* [ACTION ITEM] For the material below, the expected output is exactly the lines between the line holding "Hospital staff celebrate" and the line holding "Cloudstyle мужские футболки", inclusive, with pictures left out.

* [INFORMATION SUPPLIED]
____________

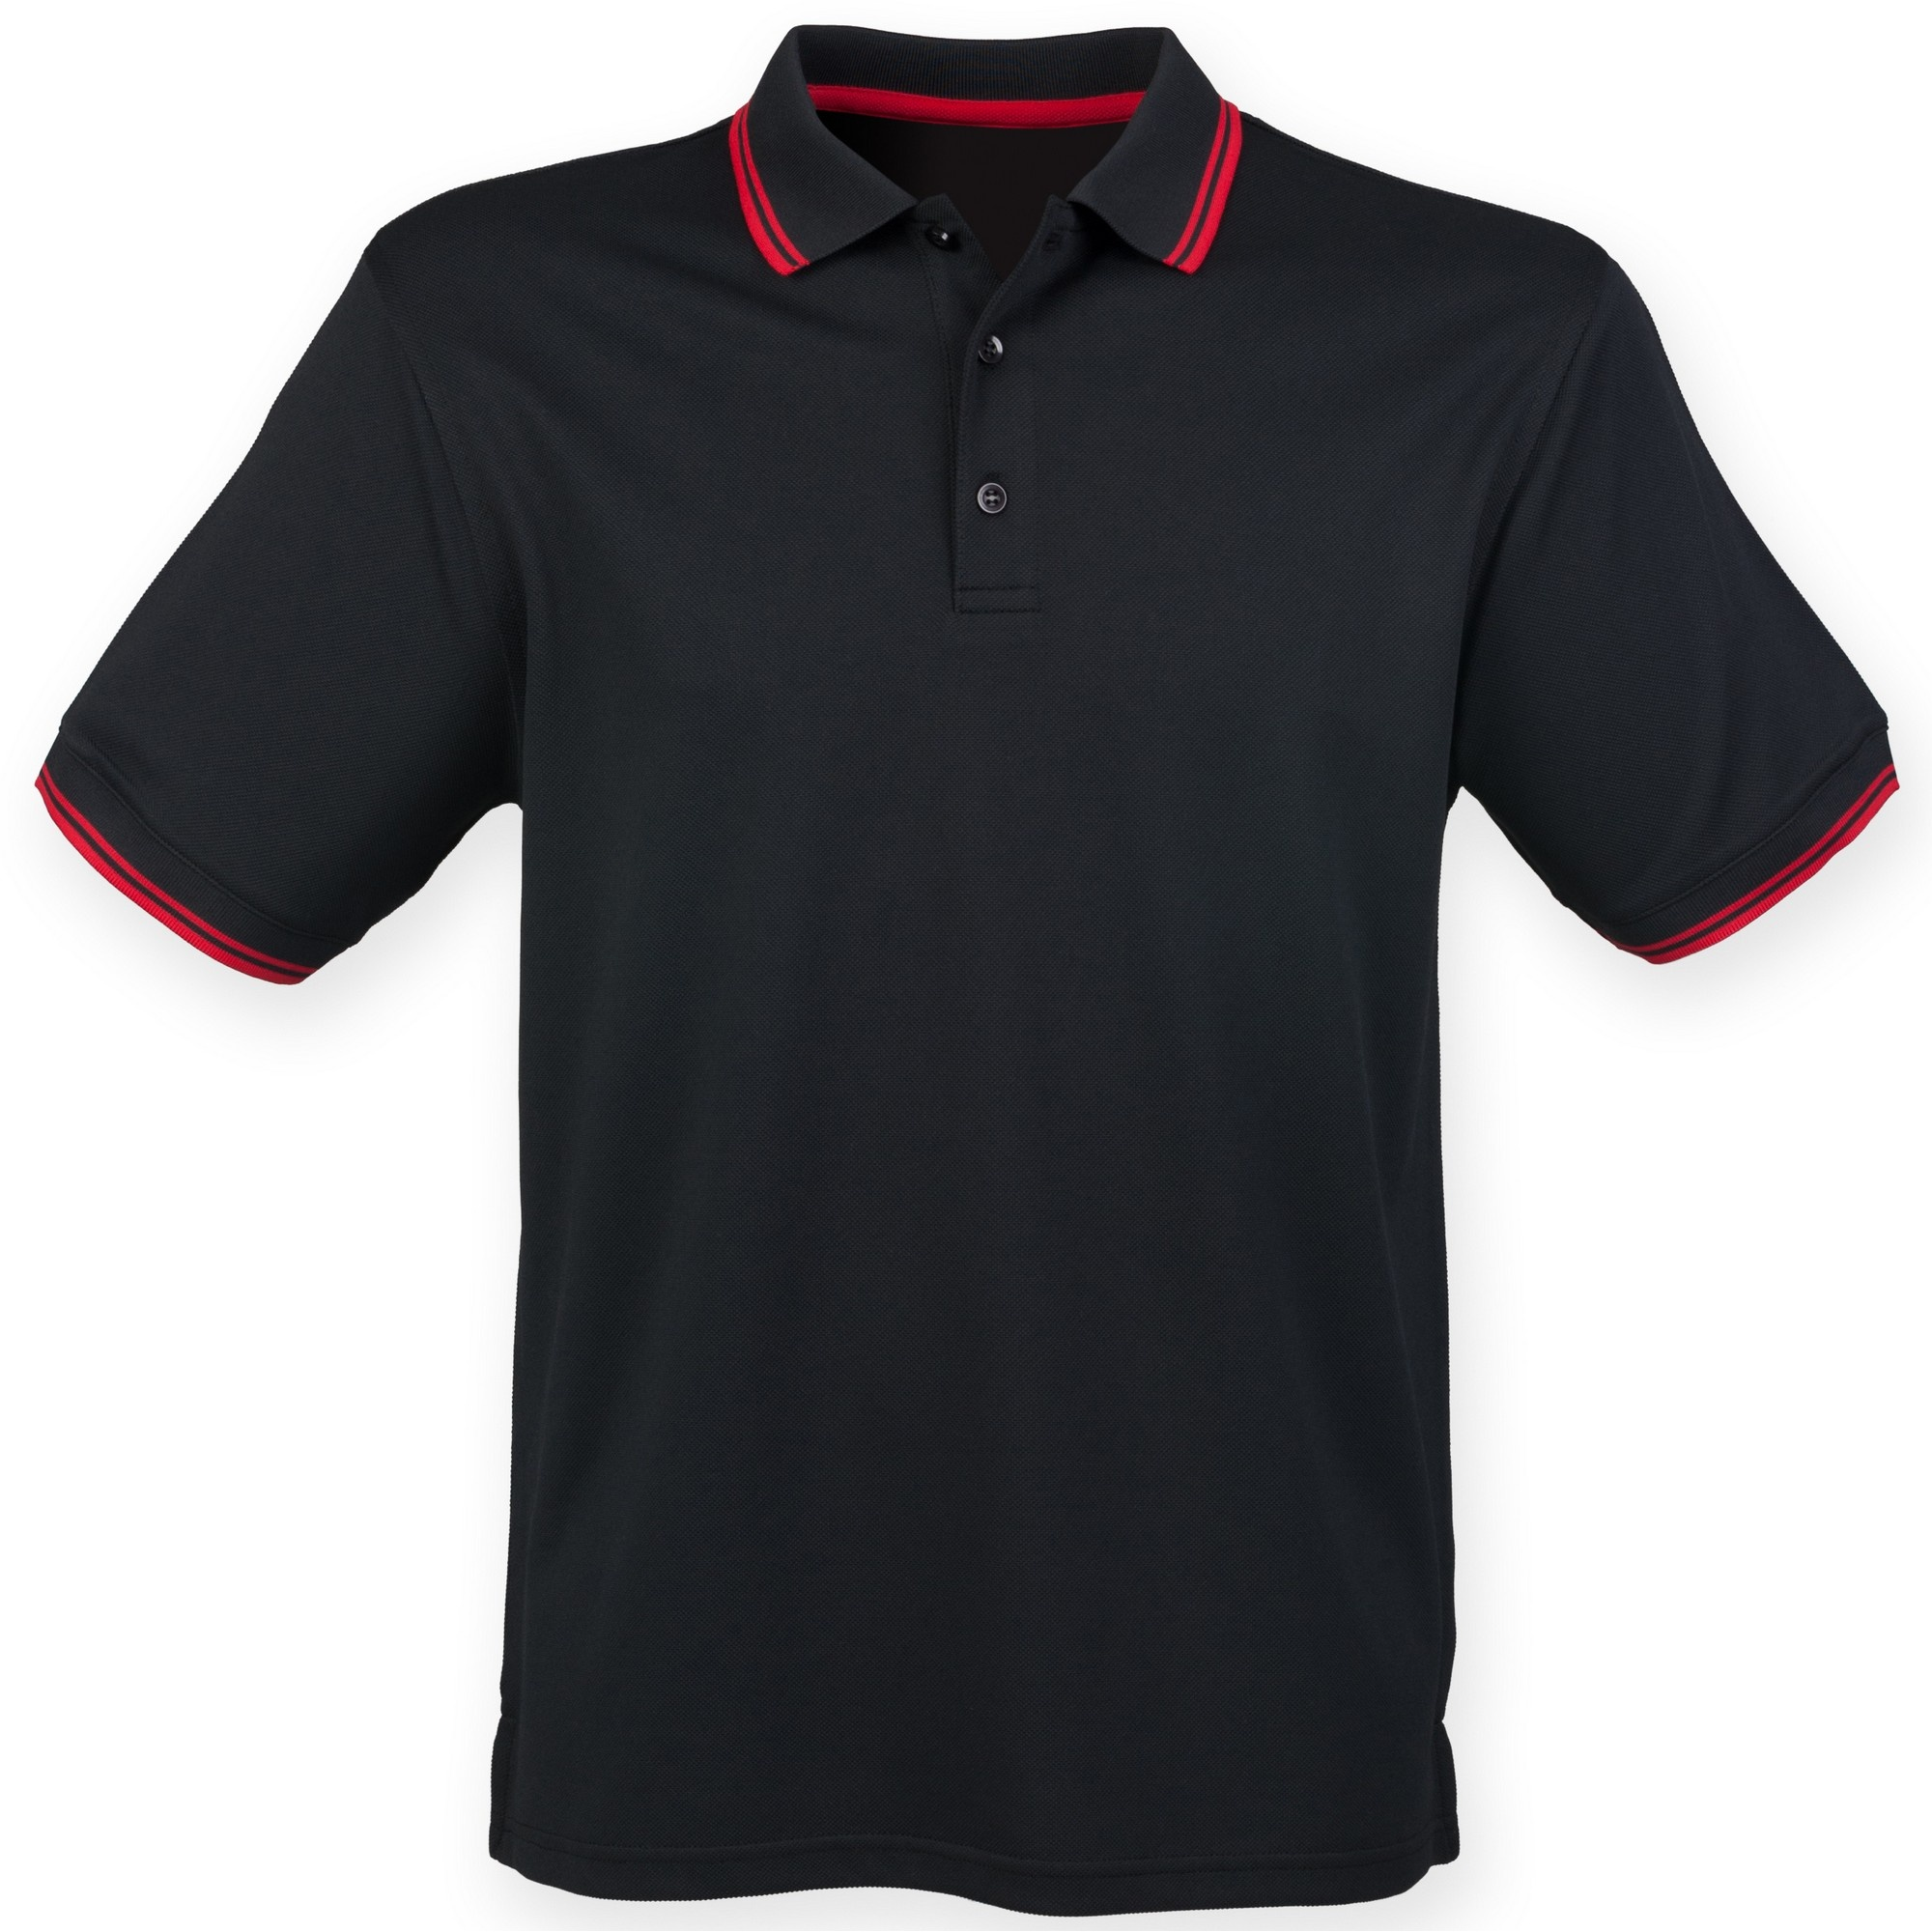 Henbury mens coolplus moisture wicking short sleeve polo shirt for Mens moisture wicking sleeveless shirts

____________

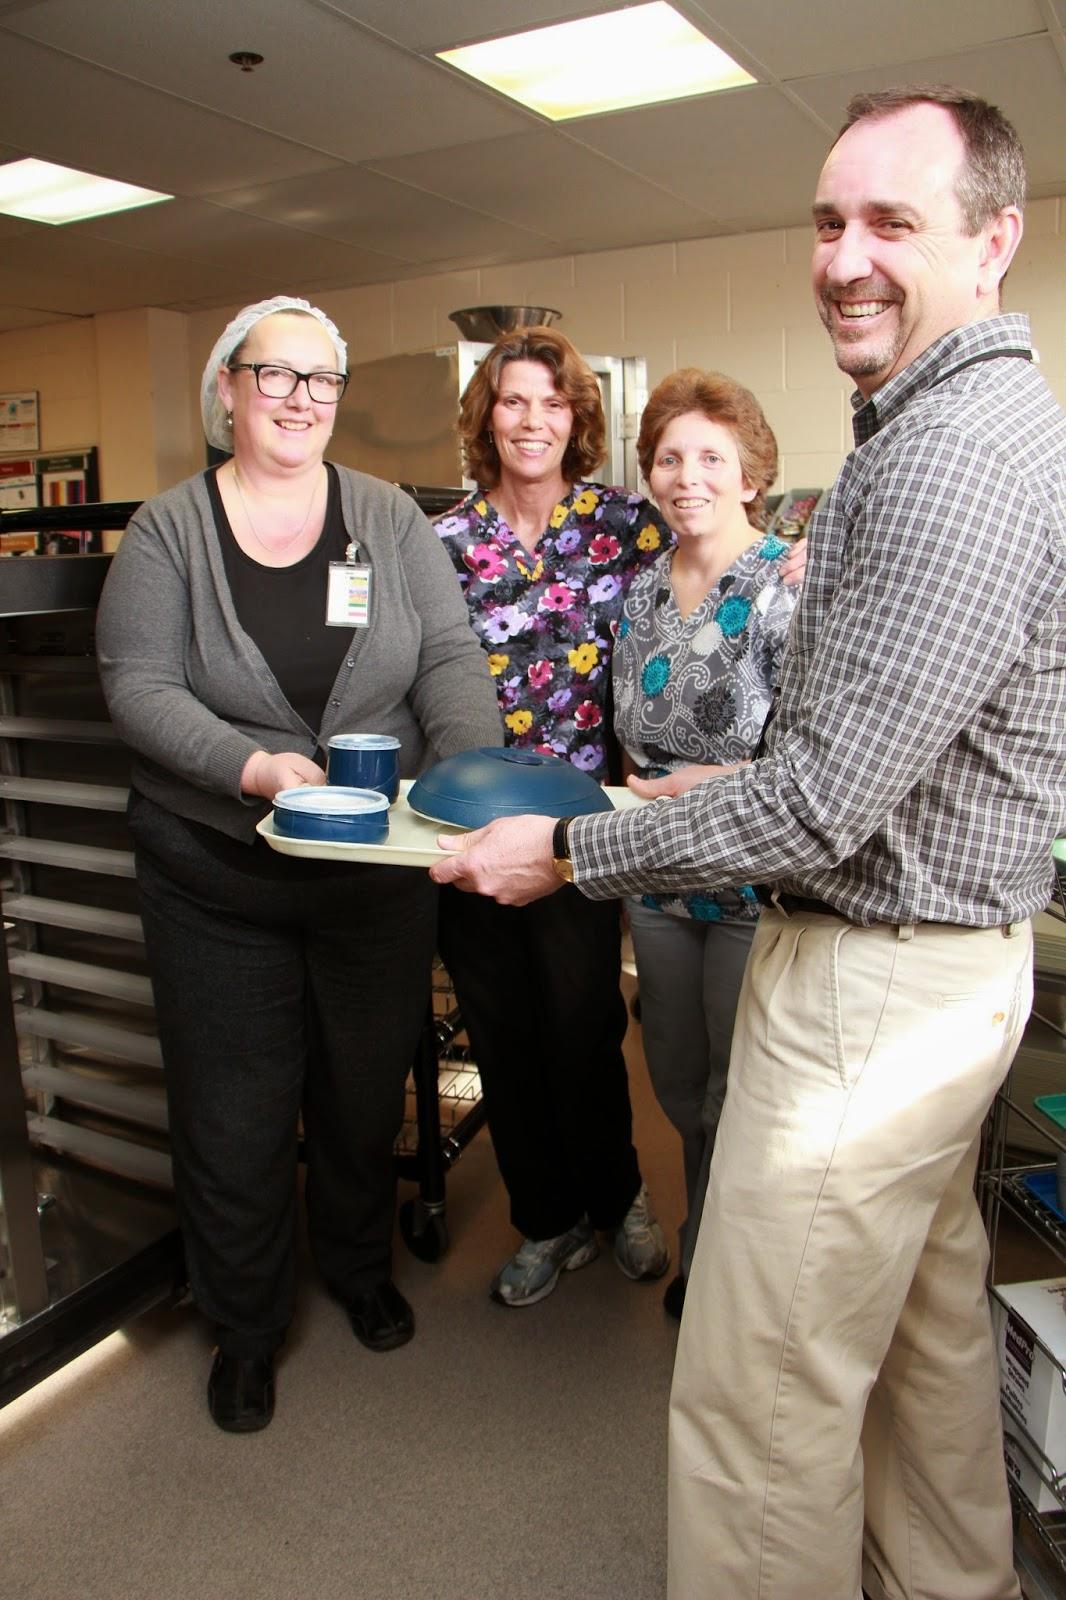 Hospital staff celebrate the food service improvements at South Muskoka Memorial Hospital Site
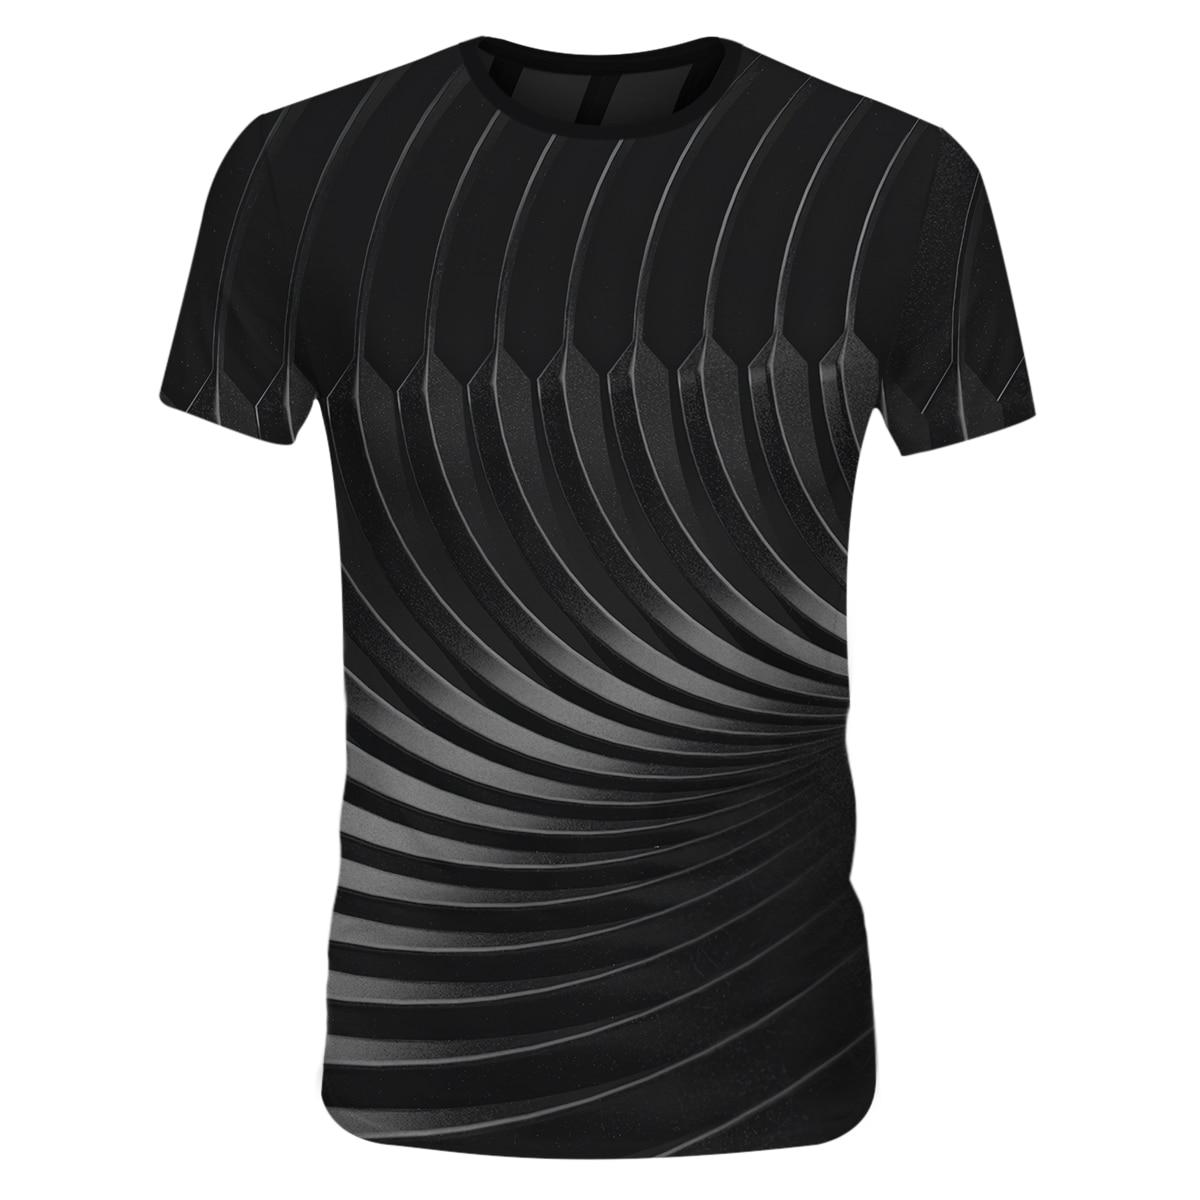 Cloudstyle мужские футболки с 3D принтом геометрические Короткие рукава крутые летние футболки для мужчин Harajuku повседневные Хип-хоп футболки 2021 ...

____________

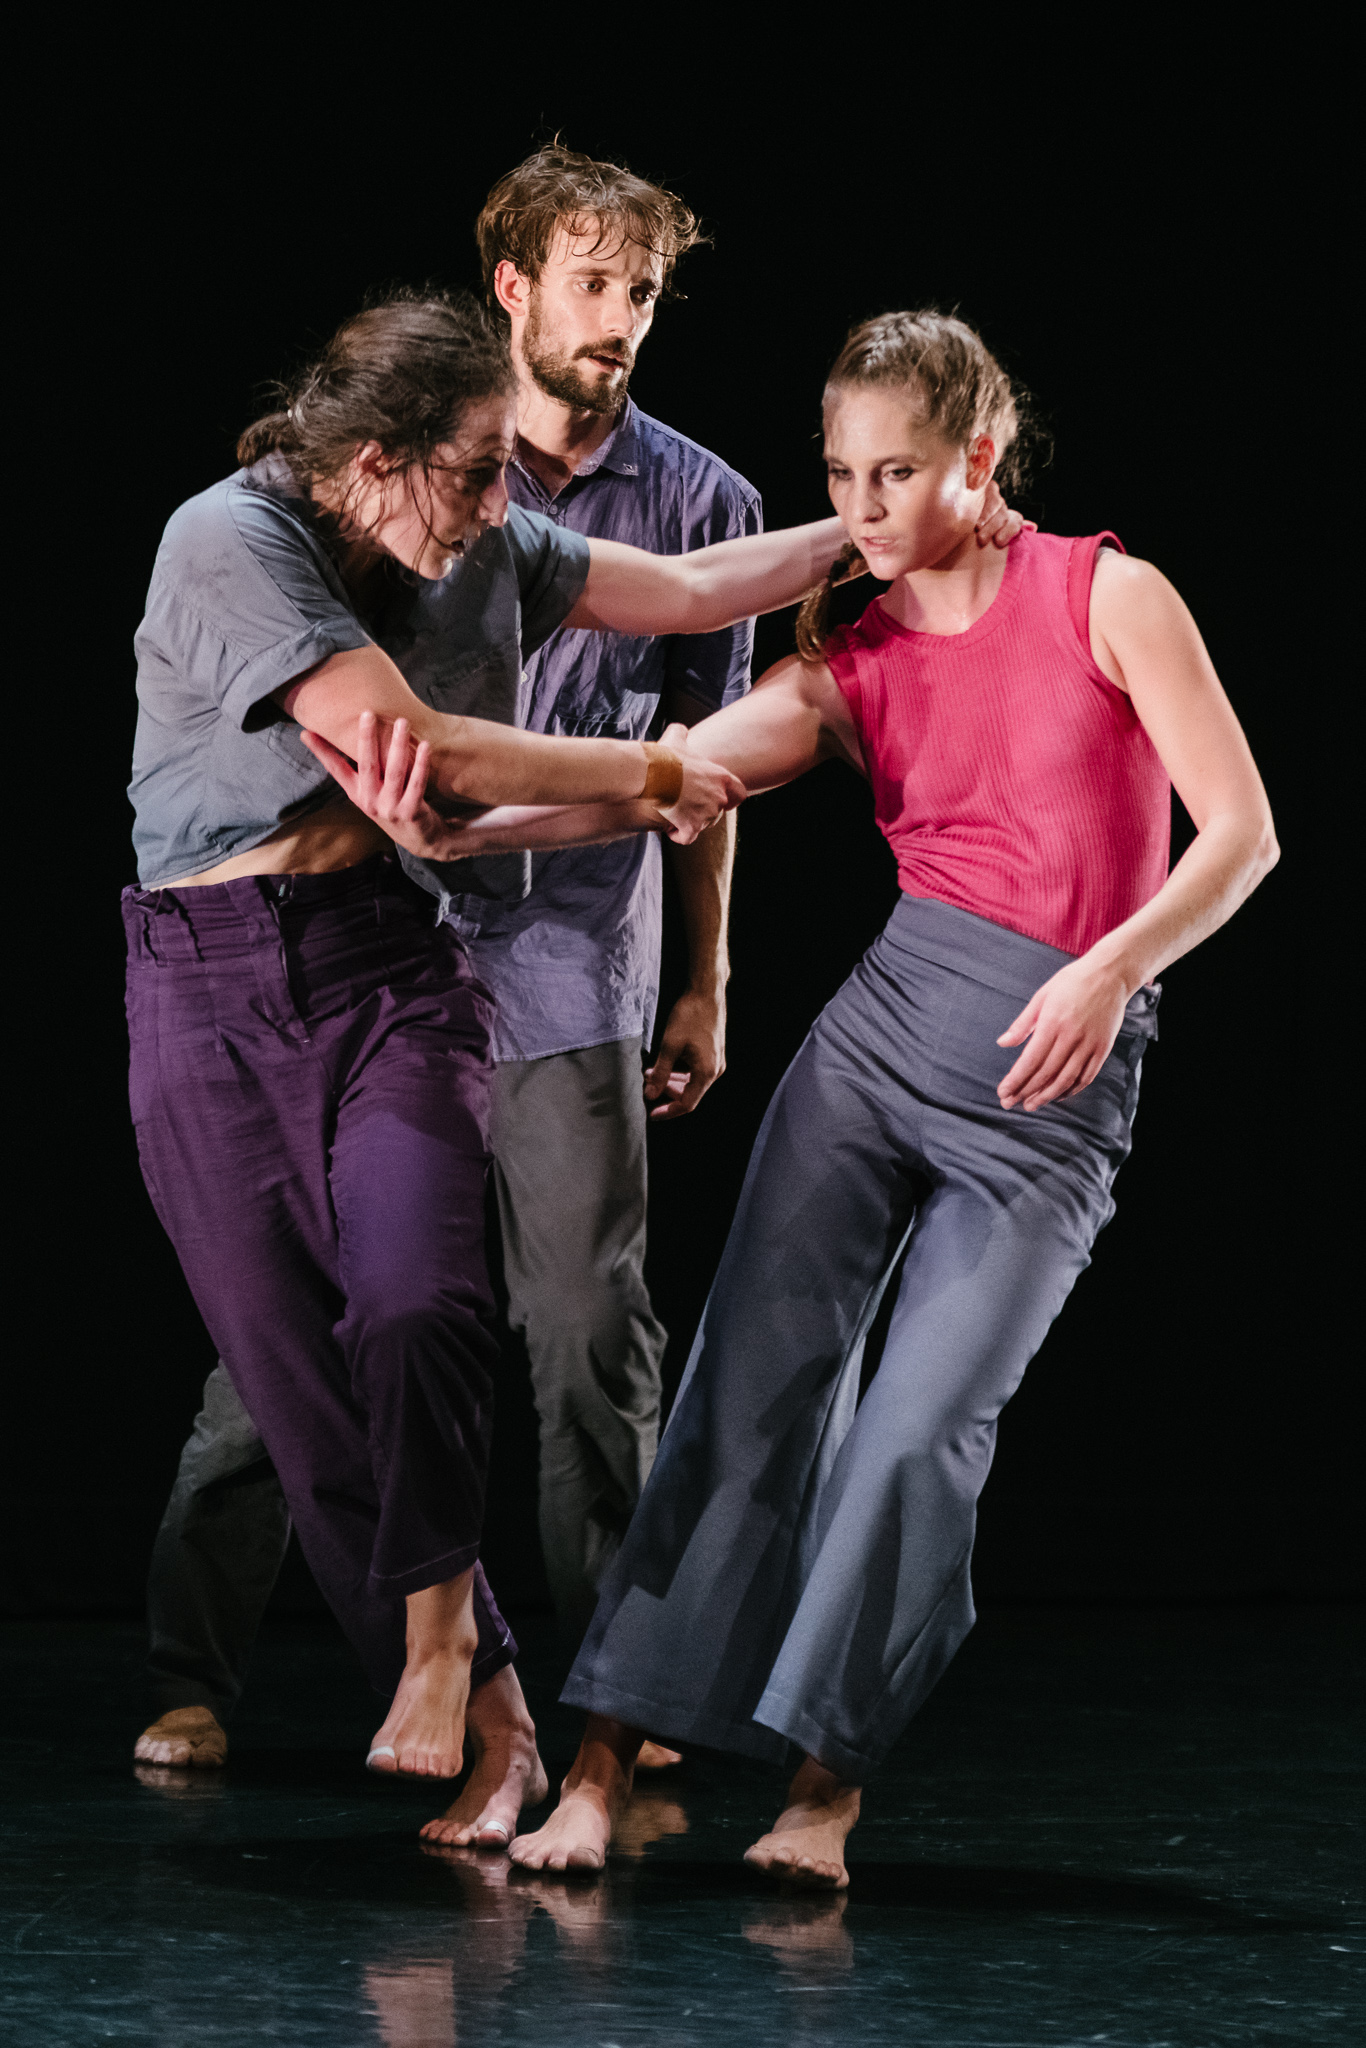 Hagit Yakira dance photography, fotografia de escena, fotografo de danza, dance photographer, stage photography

____________

* [RESPONSE BELOW]
 Hospital staff celebrate the food service improvements at South Muskoka Memorial Hospital Site
 Cloudstyle мужские футболки с 3D принтом геометрические Короткие рукава крутые летние футболки для мужчин Harajuku повседневные Хип-хоп футболки 2021 ...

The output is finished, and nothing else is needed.